Masscult and Midcult_ Essays Against the American Grain - Dwight MacDonald [135]
There are two kinds of appropriate subjects for parajournalism. The kind Tom Wolfe exploits in the present book is the world of the “celebs”: prizefighters, gamblers, movie and stage “personalities,” racing drivers, pop singers and their disc jockeys like Murray the K (“The Fifth Beatle”), impresarios like Phil Spector (“The First Tycoon of Teen”) entrepreneurs like Robert Harrison (whose Confidential magazine, the classic old one (1952–1958) you understand, Wolfe salutes as “the most scandalous scandal magazine in the history of the world,” adding: “Confidential was beautiful.

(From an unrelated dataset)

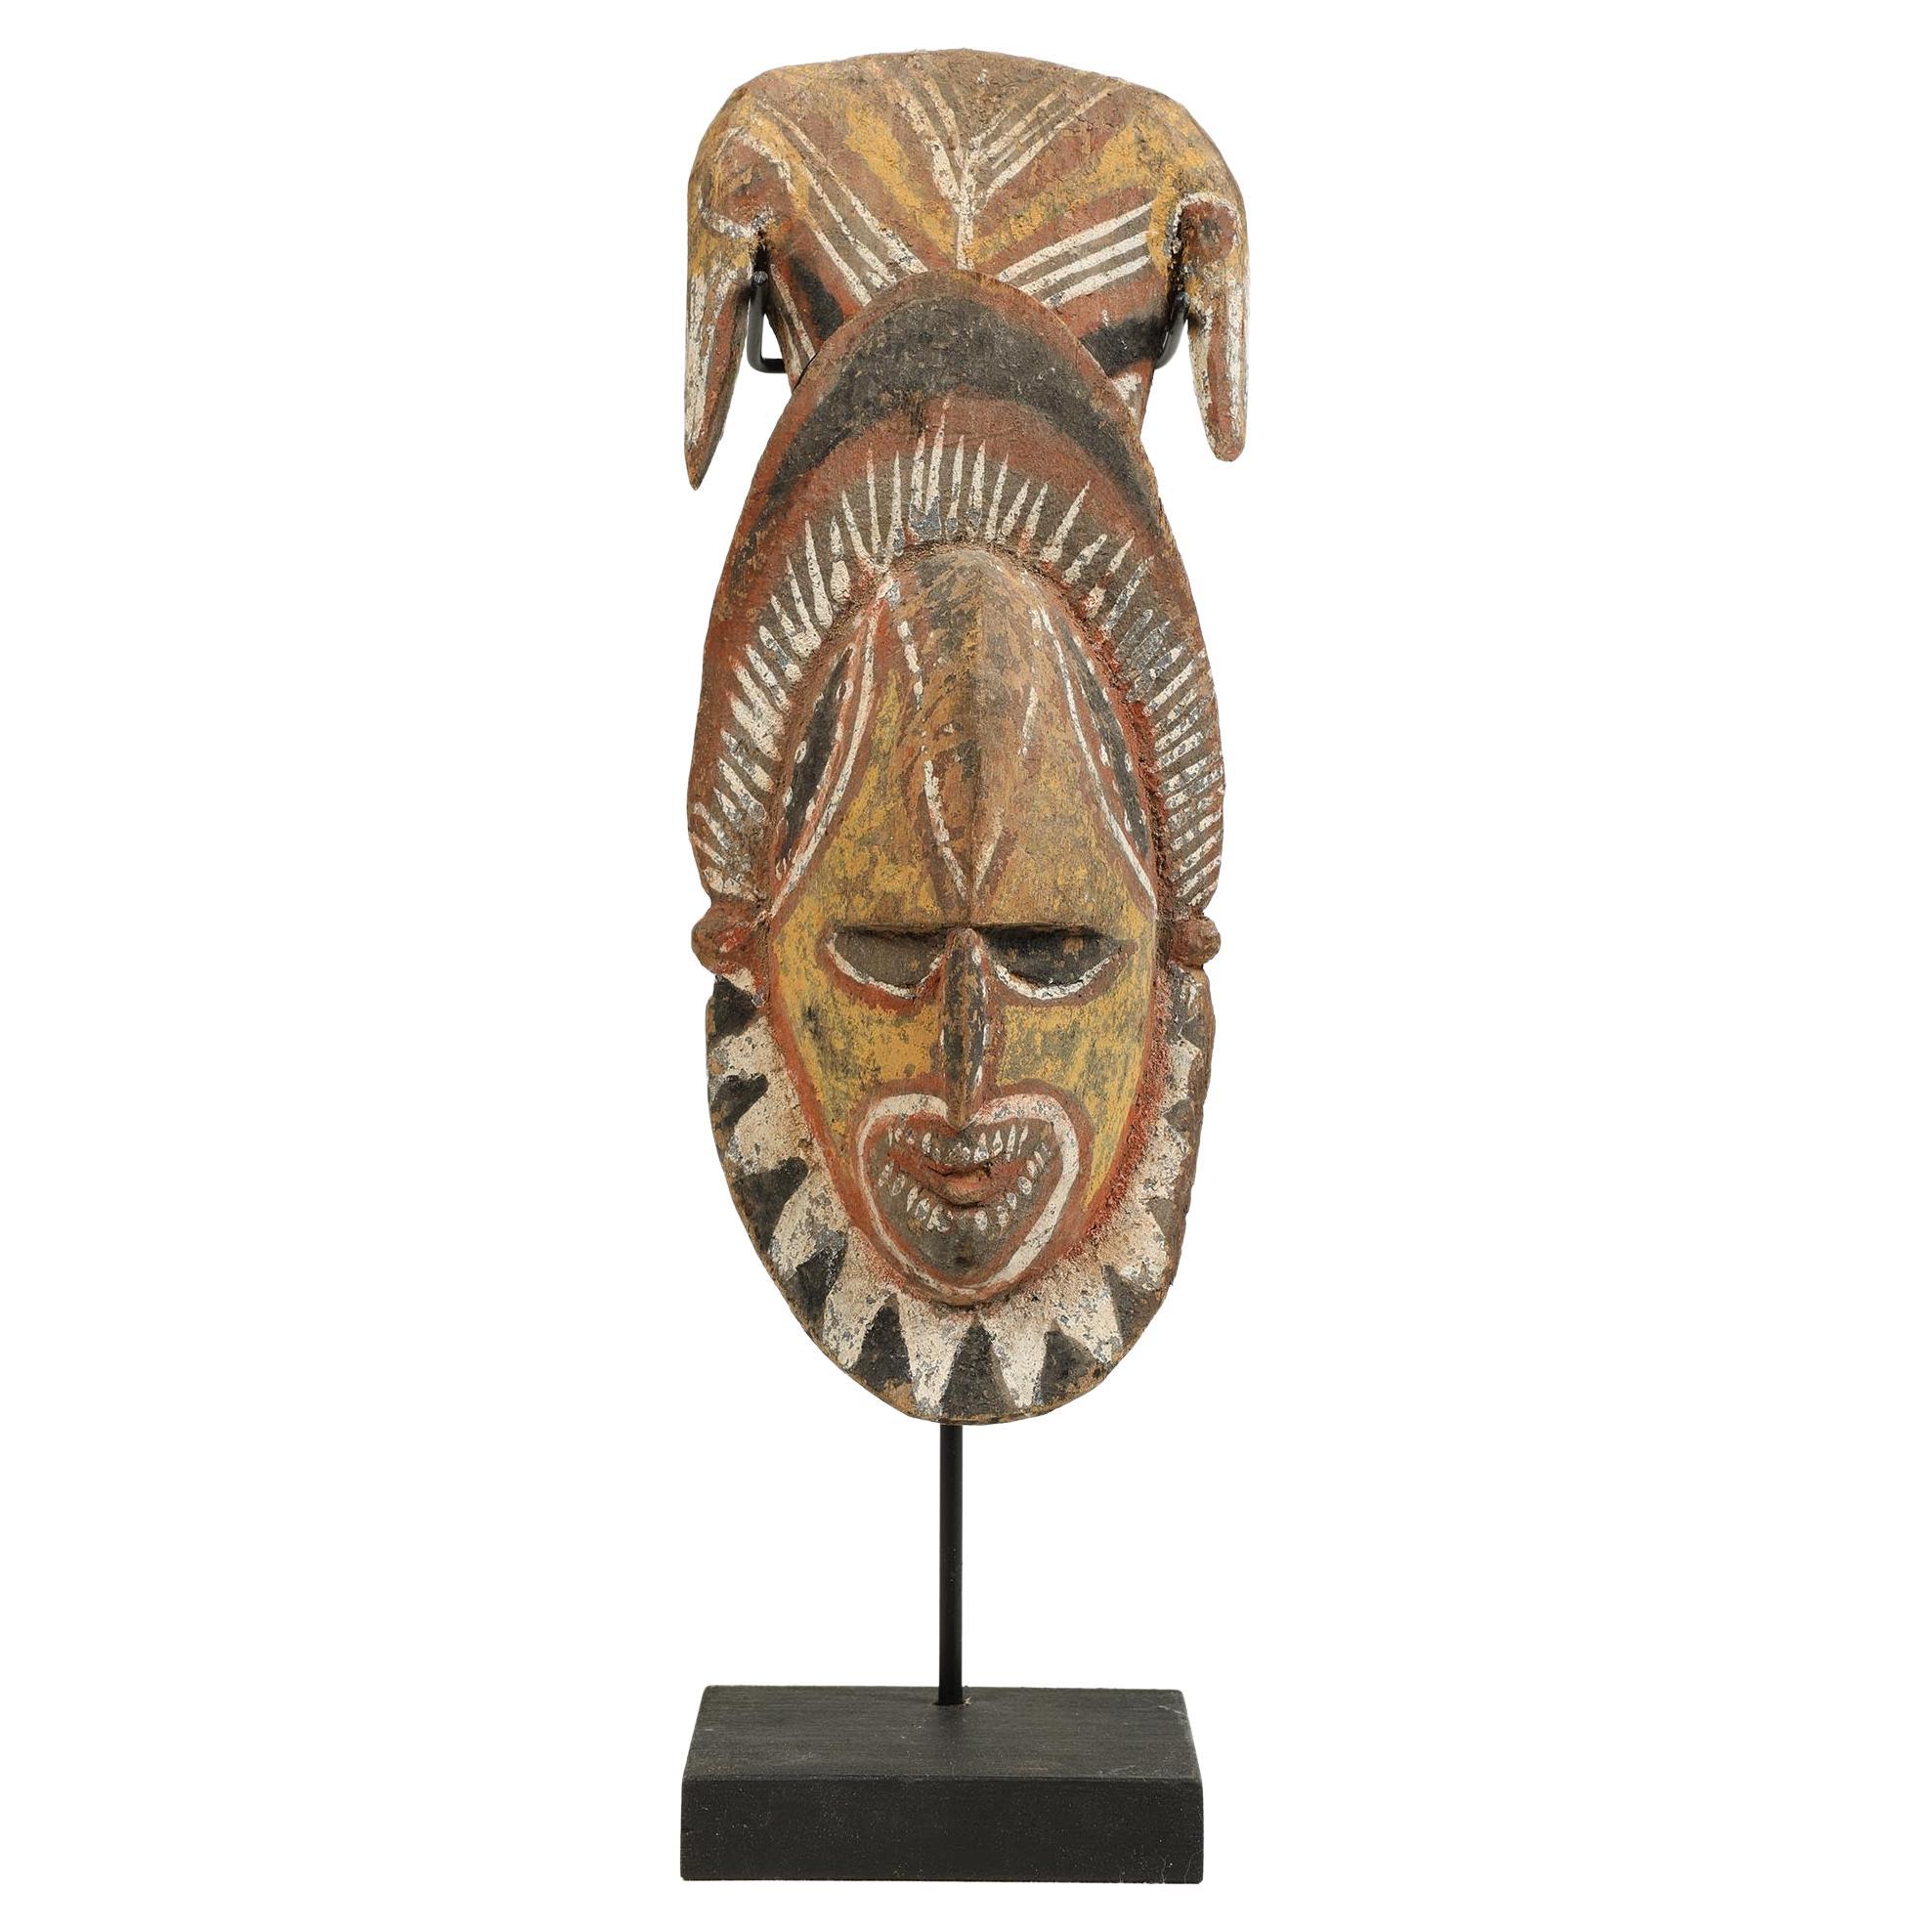 Tête ou masque en bois d'érable peint de Papouasie-Nouvelle-Guinée, forte expression

This may be a hard idea to put across...but the fact is the man is an aesthete, the original aesthete du schlock,” who as a teenage employee of the Graphic received the stigmata direct from Bernarr Macfadden) and pop-art-cum-society figures like Andy Warhol, Huntington Hartford (an anti-pop popper), and Mrs. Leonard Holzer.[1] The other kind of suitable game for the parajournalist—though not Tom Wolfe’s pigeon—is the Little Man (or Woman) who gets into trouble with the law; or who is interestingly poor or old or ill or, best, all three; or who has some other Little problem like delinquent children or a close relative who has been murdered for which they can count on Jimmy Breslin’s heavy-breathing sympathy and prose.

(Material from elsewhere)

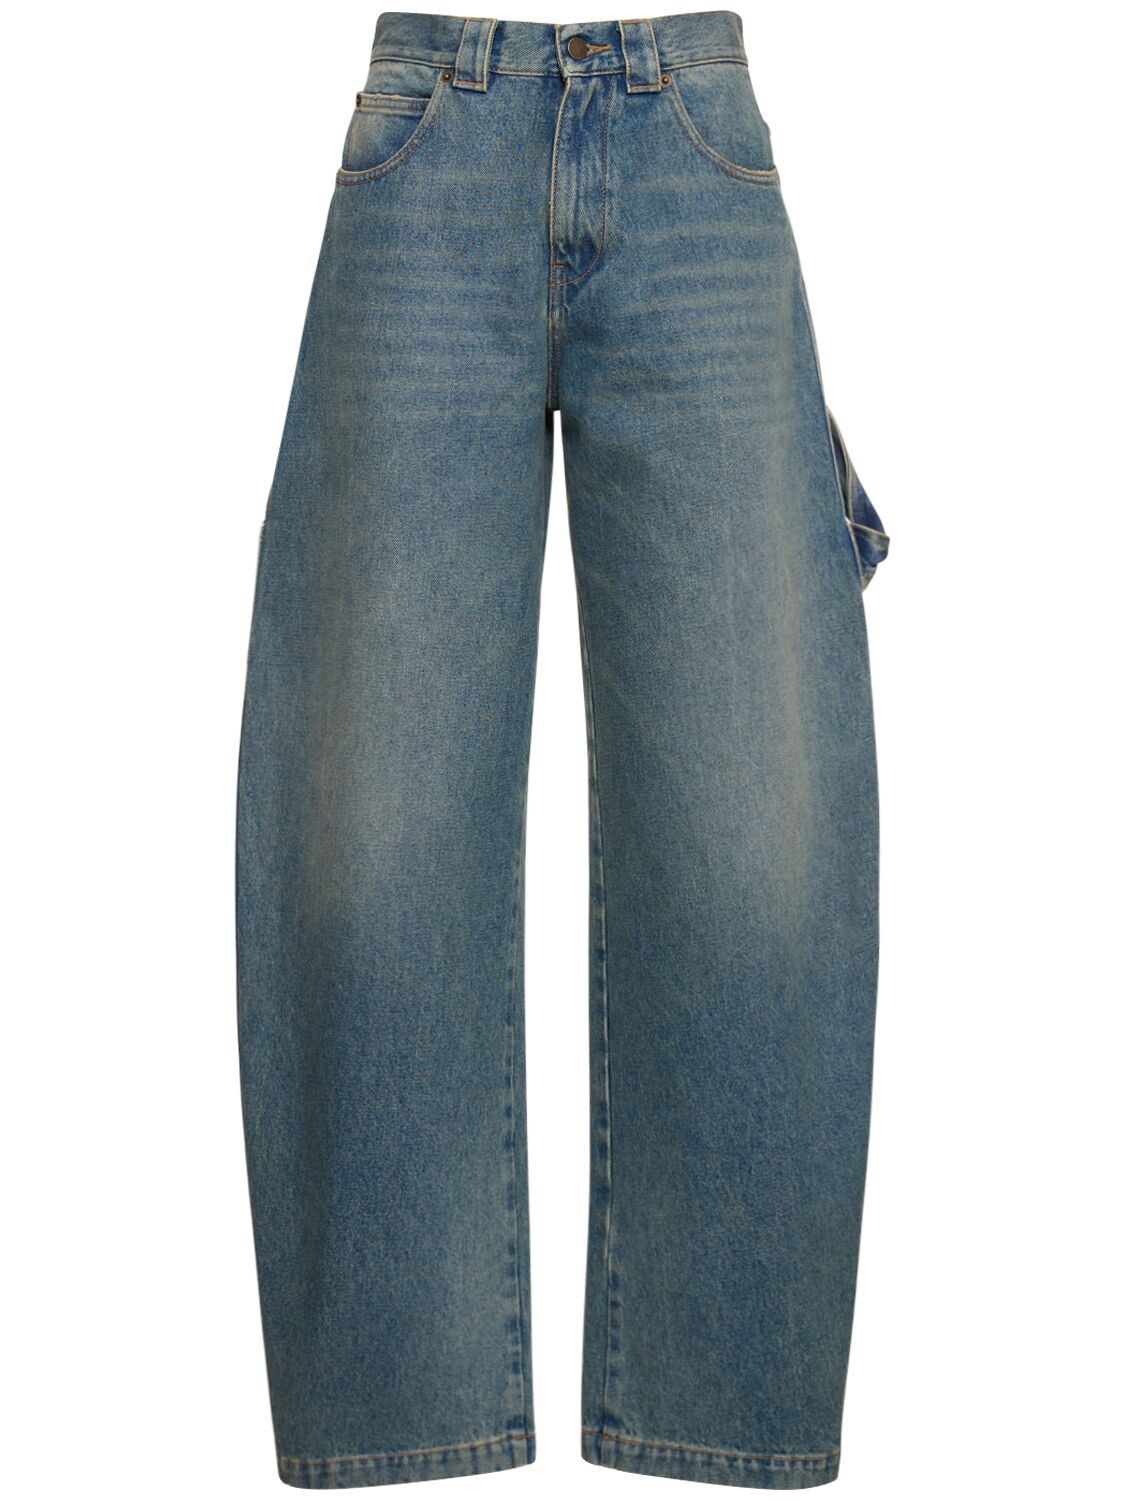 Mujer Jeans Rectos De Denim De Algodón 24 - DARKPARK - Modalova

Both celebs and uncelebs offer the same advantage: inaccuracy will have no serious consequences. The little people are unknown to the reader and, if they think they have been misrepresented, are in no position to do anything about it, nor, even if such a daring idea occurred to them, to object to the invasion of their privacy. The celebs are eager to have their privacy invaded, welcoming the attentions of the press for reasons of profession or of vanity. While the reader knows a great deal, too much, about them, this is not real knowledge because they are, in their public aspect, not real. They are not persons but personae (“artificial characters in a play or novel”—or in parajournalistic reportage) which have been manufactured for public consumption with their enthusiastic cooperation. Notions of truth or accuracy are irrelevant in such a context of collusive fabrication on both sides; all that matters to anybody—subject, writer, reader—is that it be a good story. To complain of Wolfe’s Pindaric ode to Junior Johnson that his hero couldn’t be all that heroic is like objecting to Tarzan as unbelievable.

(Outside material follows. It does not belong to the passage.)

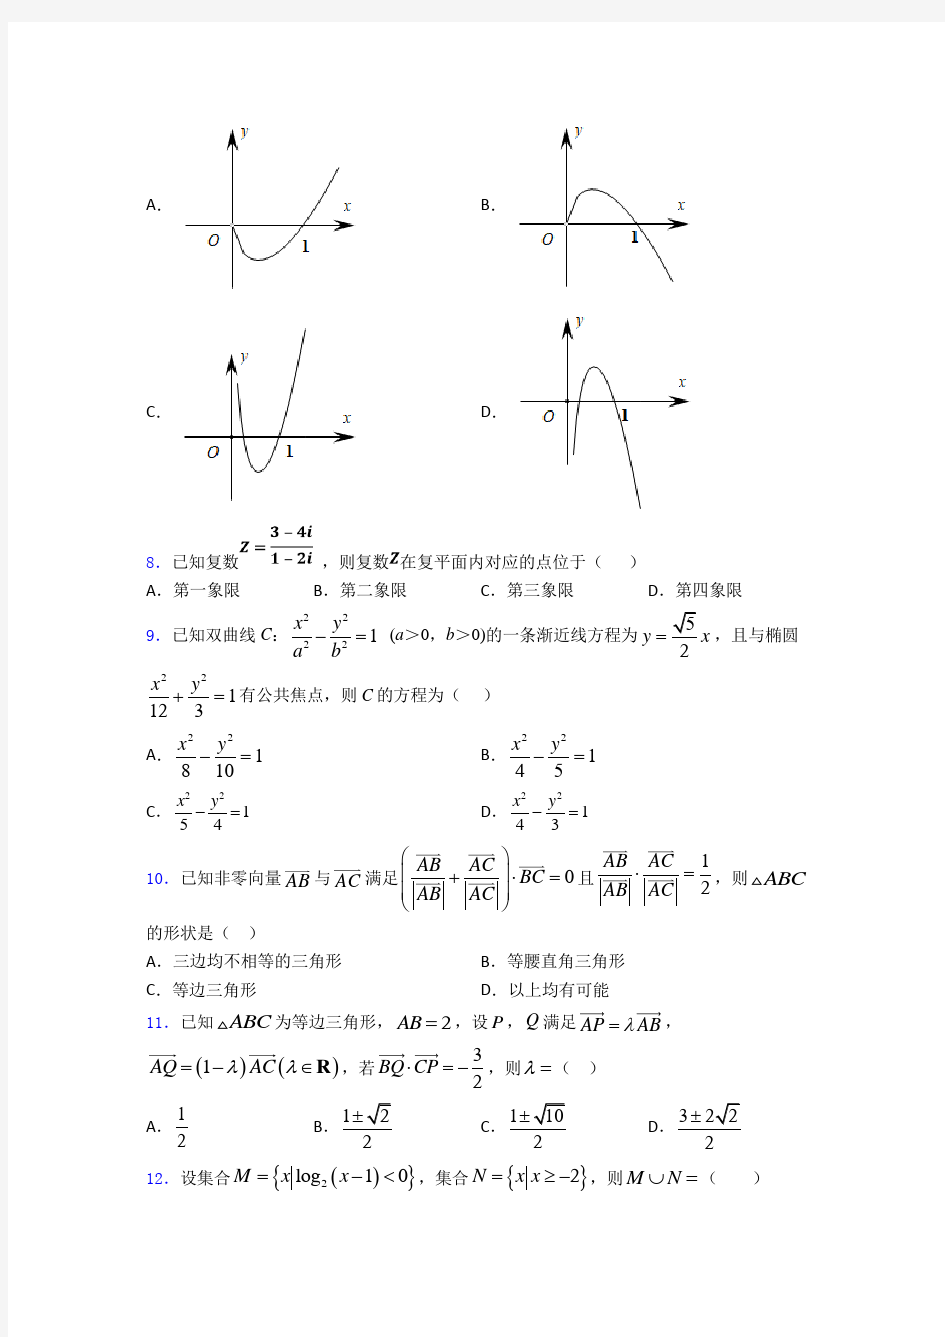 【典型题】数学高考模拟试题(带答案)
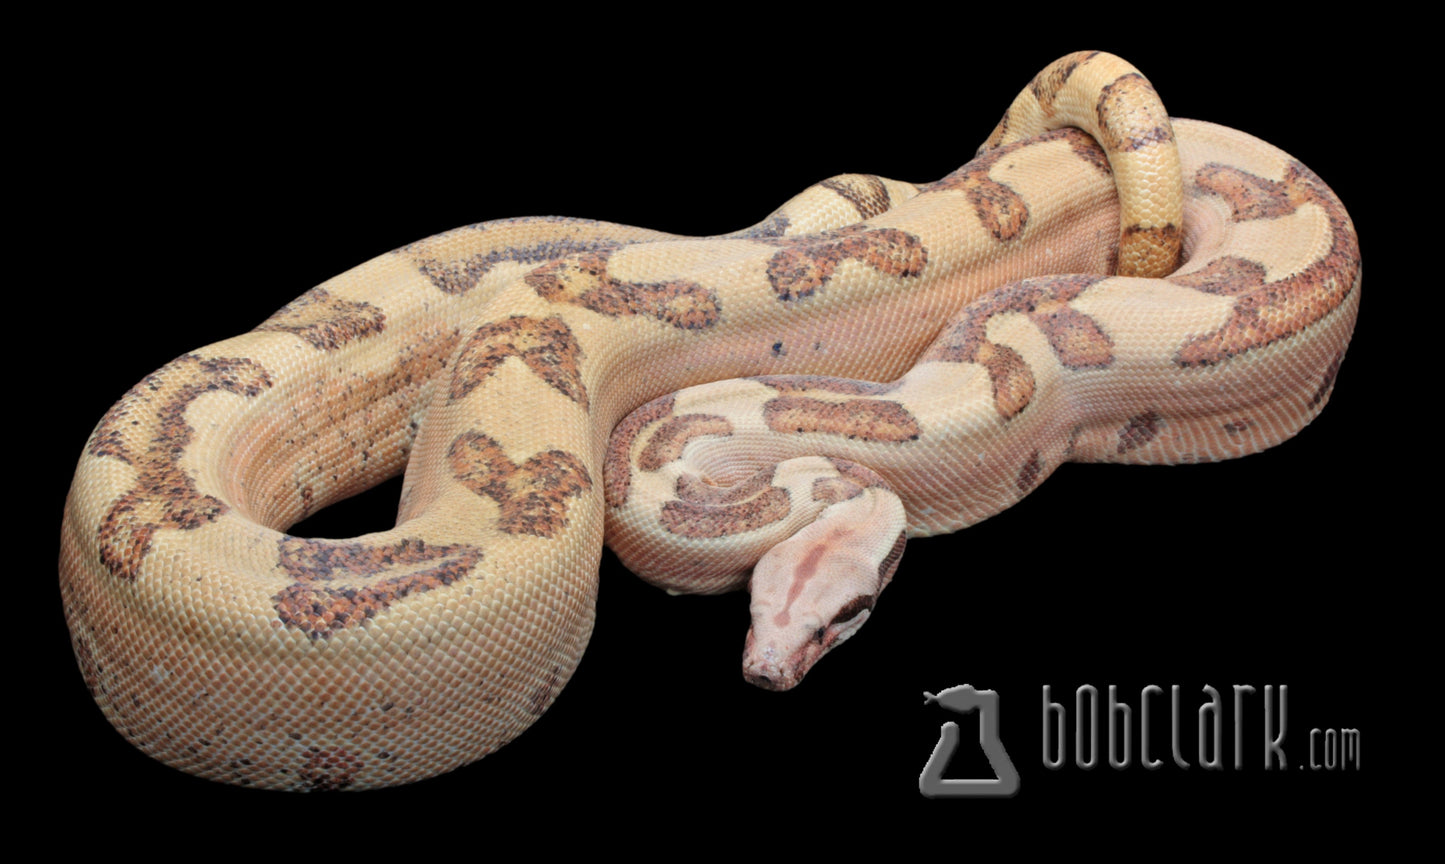 Labyrinth hypo boa, 2020 proven breeding male 72 inches

But of late Tom Wolfe has attempted more solid, resistant subjects. As his colleague, Mr. Breslin, might put it, he’s been fighting above his weight. There was that front-page review of Norman Mailer’s An American Dream in the Sunday Tribune’s Book Week (which Richard Kluger edits in a more substantial and, to me, interesting way than Clay Felker’s set-’em-up-in the-other-alley technique with New York). As the French say, the most beautiful parajournalist cannot give any more than he has, and the only way Wolfe could explicate his low estimation of the novel was to jeer at the author’s private life and personality—or rather his persona, this being the aspect of people Wolfe is at home with—followed by some satirical excursions on tangential matters like the ludicrous discrepancy between Mailer and Dostoevsky and the even more laughable crepancy between Mailer and James M. Cain. C’est amusant mais ce n’est pas la critique. Not that I disagree with his low estimate of An American Dream. Mr. Kluger asked me to review it and I declined for lack of time. If I had accepted, I should also have slated it but I don’t think I would have thought of going into Mailer’s personality and private life if only because there is so much in the printed text to criticise. But Tom Wolfe doesn’t seem to be much of a reader.
A week or two later, he took on a subject of much greater mass and resistance; The New Yorker, with which he grappled in the April 11th and 18th issues of Clay Felker’s New York. The perfect target for two young(ish) men on the make with a new magazine competing for the same kind of readers and advertisers.